Траурный марш по селенью Ранкас - Мануэль Скорса
Шрифт:
Интервал:
Закладка:
Скотокрад не различил во сне ни Конокрада, ни Сову, ни Роблеса. Впервые в жизни он заплутался в снах. Ему снилось, что он прибыл в Тамбопампу. По какой-то никому не ведомой причине солнце остановилось и висело на бледном небе. Ночь не шла, день не уходил. Через неделю-другую солнце стало подгнивать. Свет воспалился и теперь капал, как из смрадной раны. Скотокрад еле пробрался сквозь ниточки гнойного света вниз, к хижинам. На камне сидел Конокрад. Он обрадовался живому человеку в такой загробной пустоте. «Куда едешь, брат? – спросил он, не замечая, что гноится небо. – Ты что, не знаешь? Уже Девять! Не знаешь, а? – Он захохотал и крикнул: – Пошли на гору Мурмунья!» – «Пошли», – согласился Скотокрад и похолодел: у Конокрада были великаньи ноги. Конокрад, самый ладный мужчина на всю округу, стоял на каких-то жутких ногах, в три обхвата, ему, Скотокраду, по грудь и с пальцами толщиной в руку. Скотокрад онемел, а Конокрад поторапливал, и– ему удалось проговорить: «Чем болеешь, брат?» Тот снова захохотал, как откупорил бутыль шипучки: «Я не болею, я для дела». Оказывается, предстоят нелегкие бега, и он их выиграет. Лошади, любимые подружки, его предупредили и посоветовали подрастить ноги. Это легко – надо семь ночей продержать ноги в озере. А еще их нужно красить, каждую ночь другим цветом – красным, желтым, зеленым, синим. Да, Конокрада как подменили. От его хохота трескались горы. «Ну, посмотрю я на них! Посмотрю на субпрефекта и на этих, когда мне будут кубок вручать! Кто меня такого обгонит?» – Он извивался от смеха. Скотокрад весь дрожал, просыпаясь. Вышел во. двор, сунул голову в холодную воду и; оседлав в темноте коня, отправился в Пильяо, где жил Полонио Крус.

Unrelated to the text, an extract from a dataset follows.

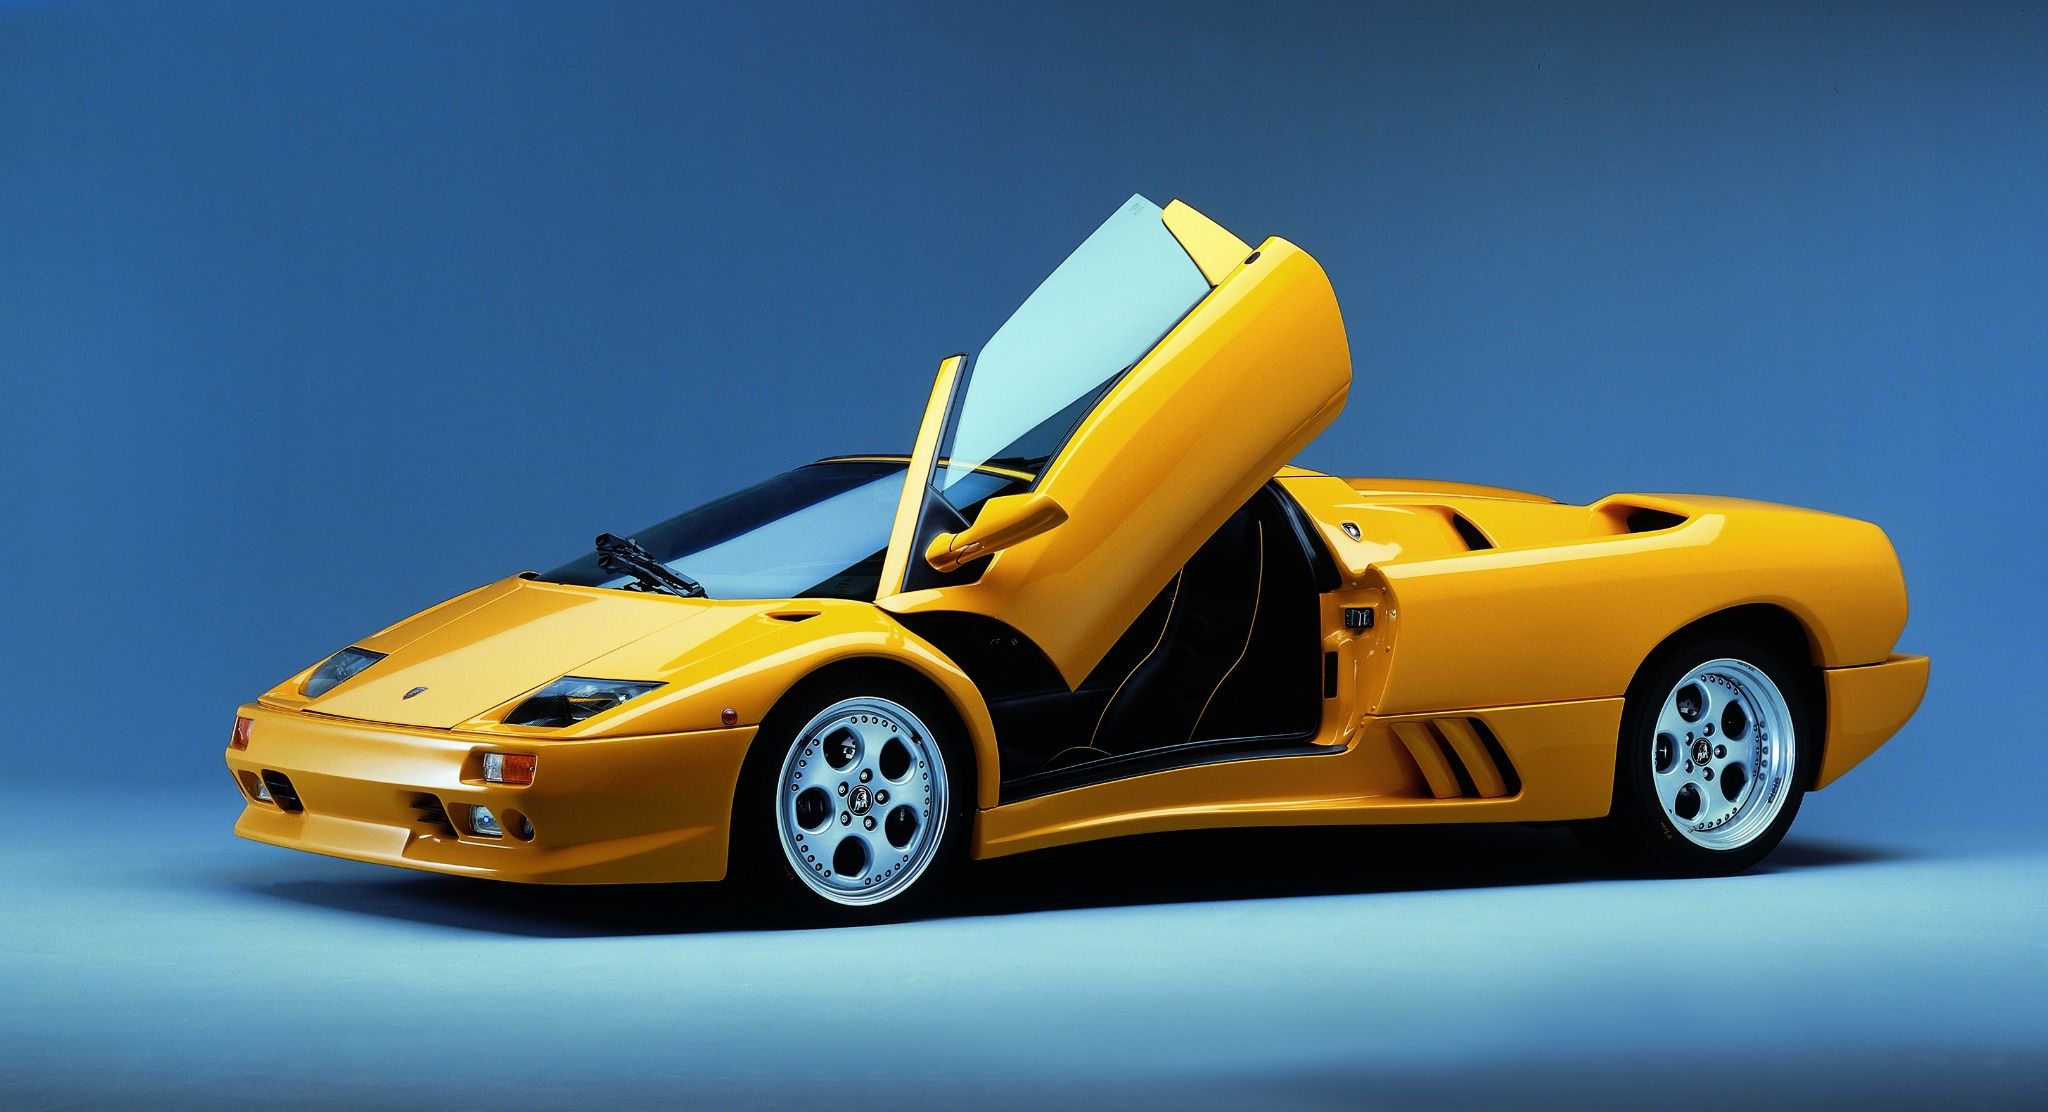 Side view of a Lamborghini Diablo

Когда любопытные увидели, с каким отвращеньем отвергли новоприбывшие бараны убогую травку главной площади, они поняли, что нежные созданья могут происходить лишь из поэтической Австралии. Даже враги доньи Фины – те, кто утверждал, что, прикуси она язык, ее разорвет на месте, – почтительно обнажили головы. Многие двинулись за высокородными баранами к сооруженному для них скромному загону. Золотые зернышки тщеславия горели во всех глазах. Не последних им прислали, если сам судья Монтенегро, завидев их, вынырнул из мудрых раздумий, что случилось с ним прежде лишь однажды, когда некий человек прошел по площади под стражей. Судья вошел во двор и смешался с народом, как простой горожанин. Публика зааплодировала, а он, заложив большие пальцы в проймы жилета и поигрывая остальными на груди, направился к загону. Мальчишки прокладывали ему дорогу, а несмышленые бараны заблеяли.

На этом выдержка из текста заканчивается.